Теперь ему было ужасно совестно, что он так тосковал без Светкиных писем, а у нее, оказывается, почта не работала, народ же не знал, так и бросали письма в ящик, пока они из щели обратно не полезли.
Когда на замызганном коптящем буксире они доволокли до Сороковой мили свою набитую бревнами каплищу-«гонку» и он понял, что здесь он лишится последних инъекций надежды, коими для него служили ежедневные посещения почты, им овладела такая тоска, что когда все отскабливали от окаменелой затоптанности отведенный им барак, он сидел на подоконнике и старался оглушить себя локально выпуклыми пространствами, о которых им на факе ничего не рассказывали, но без которых нечего было и думать о проблеме Легара.
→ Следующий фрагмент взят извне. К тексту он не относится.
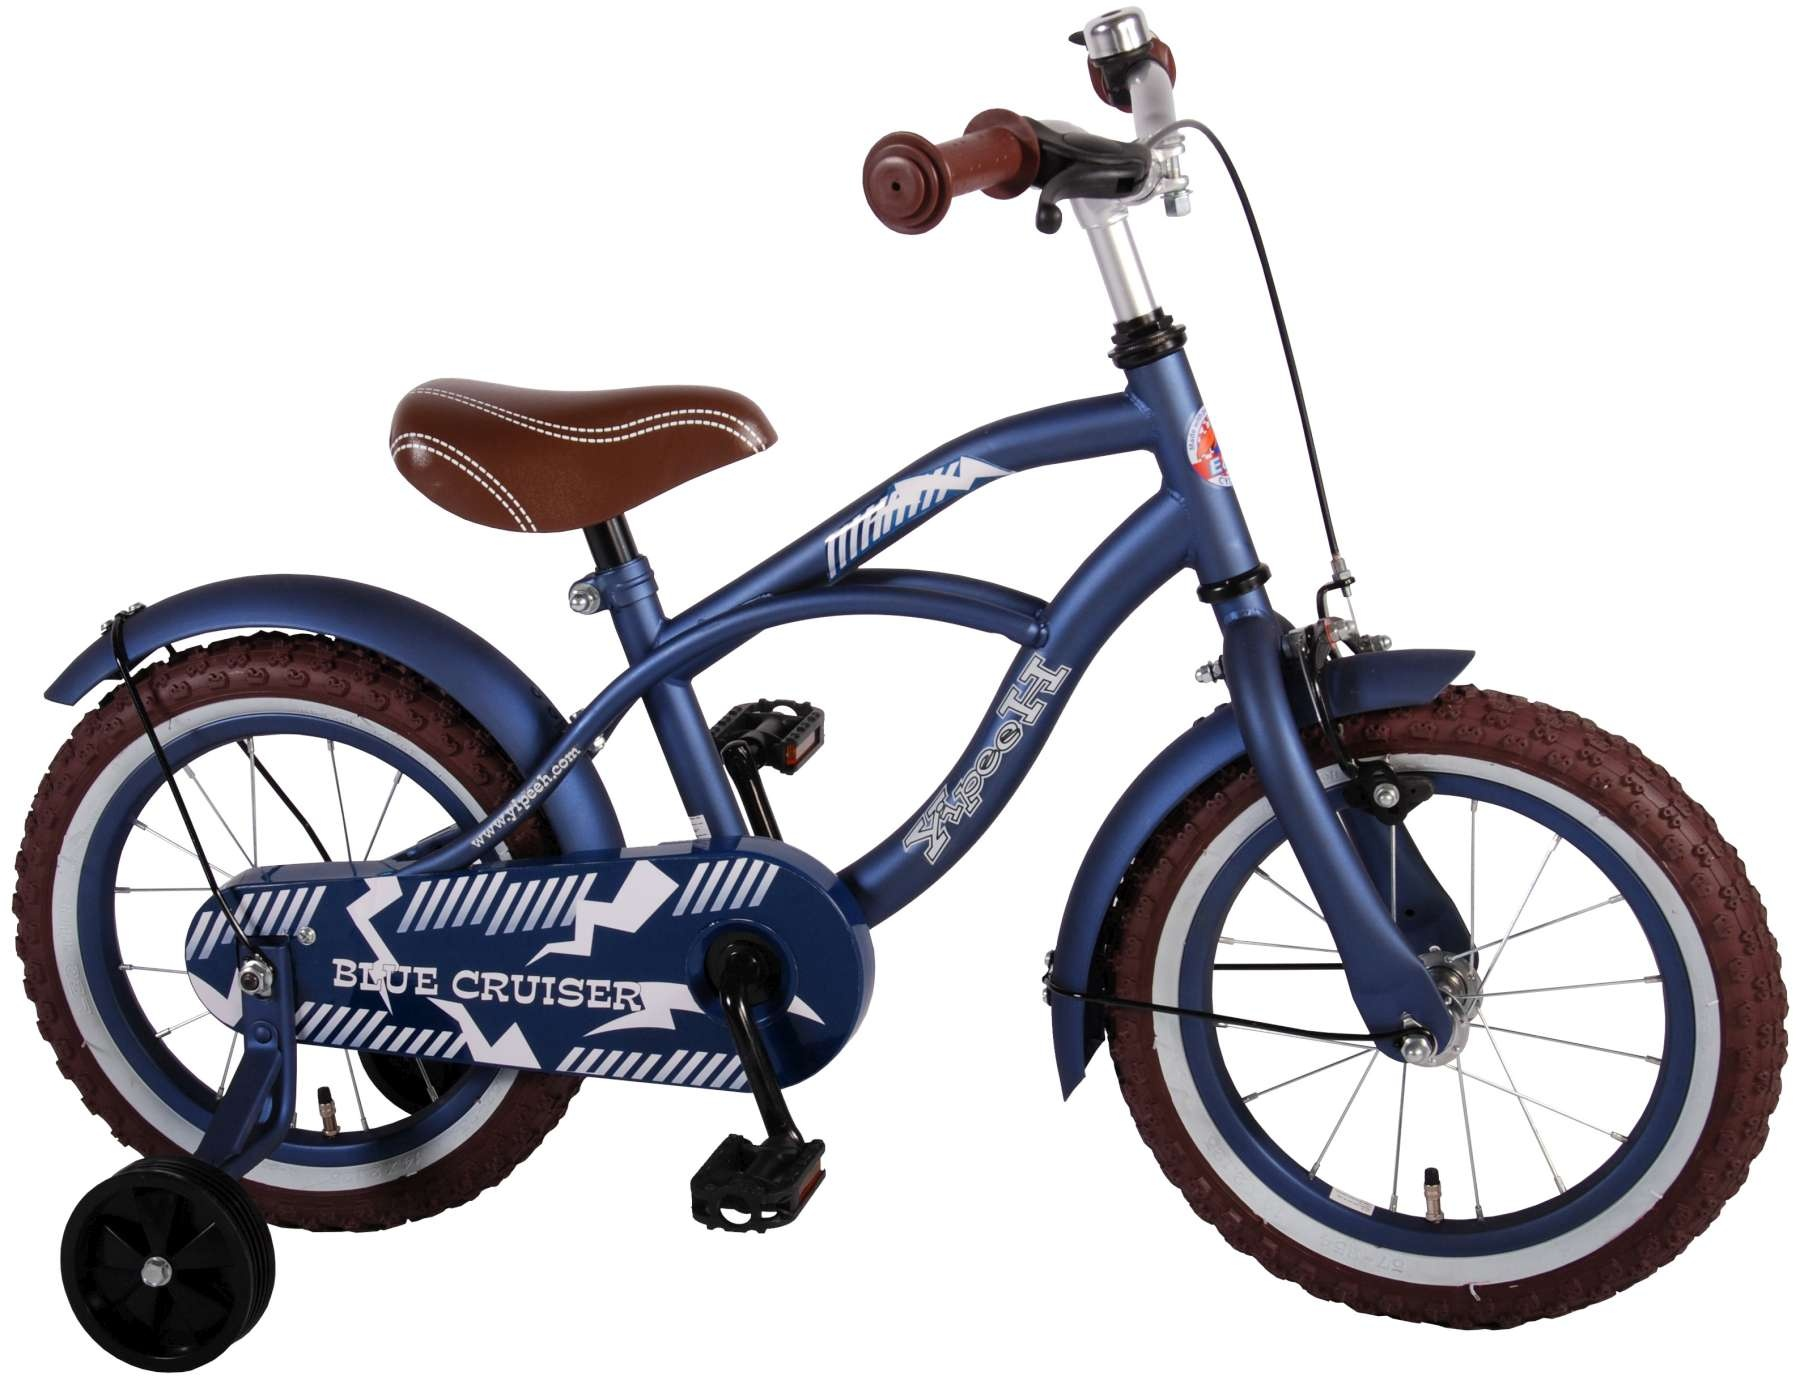 yipeeh blue cruiser 14 zoll 23 5 cm jungen r cktrittbremse. Black Bedroom Furniture Sets. Home Design Ideas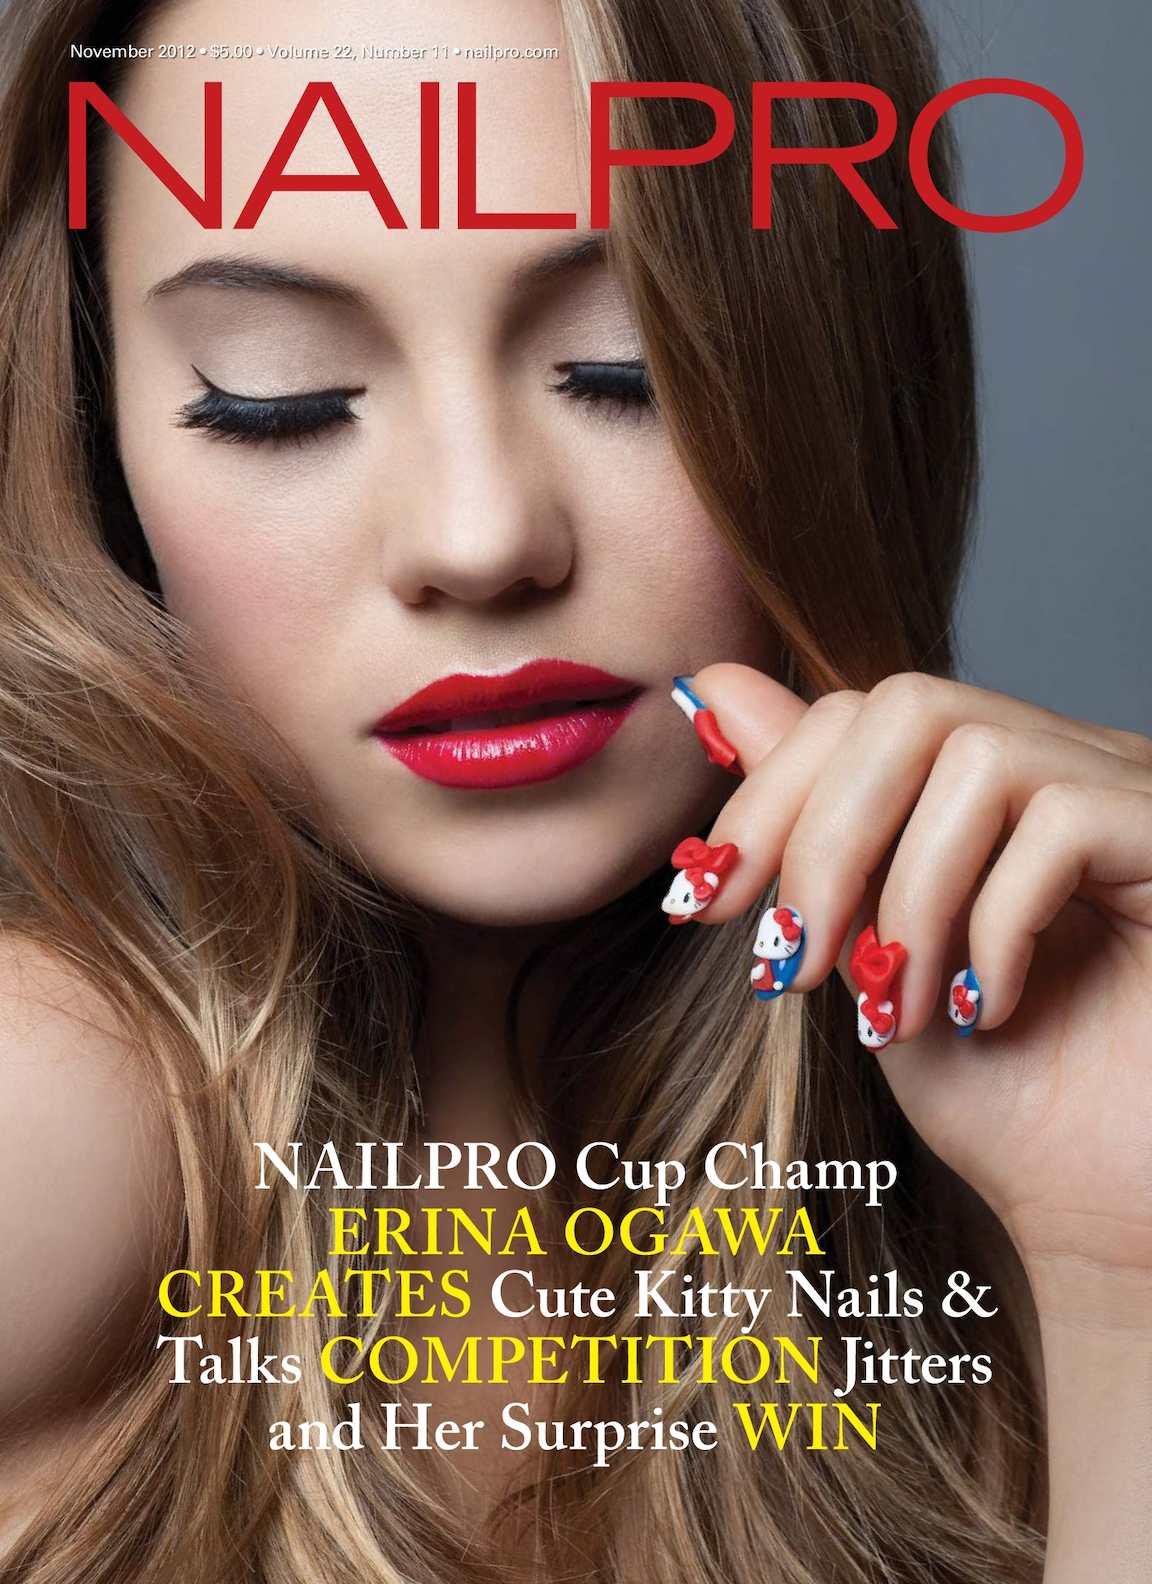 74ff83fde7 Calaméo - Nailpro 2012 11 - Wishlistpolish

А чего стоит жизнь без проблемы Легара!
Вспоминалось это не только со стыдом, но и с благодарностью: никто из парней не сказал ему ни слова, поняли, что с человеком чего-то не то, он никогда до этого не сачковал, да и ни один сачок не делает этого так открыто, – только Бах на минутку подсел, покосился и громко зачитал: «Всякое бэровское локально выпуклое пространство бочечно!» И грустно прибавил: «Да нам, татарам, один хер: что водка, что пулемет – лишь бы с ног валило».
Все-таки при Галке Олег не позволил бы себе так раскиснуть, но Галка в это время надраивала свою светлицу и будущую кухню на противоположном конце барака, где у крыльца заранее улеглись две добродушные лохматые псины, которых Юра Федоров с нежностью, неожиданной в могучем человеке, сразу стал называть медведиками. Мимо них-то Олег воровато и прошмыгнул к бочечной трубище, по своим деревянным козлам уходящей за горизонт: зимой, хотя здесь, по местной поговорке, двенадцать месяцев зима, остальное лето, по этой пшикающей паром магистрали Доусон снабжал Сороковую милю теплом. Легко вспрыгнув на трубу, Олег зашагал в сторону Доусона рассеянной походочкой, а когда почувствовал, что за ним не наблюдают, перешел на рысь, изредка балансируя руками.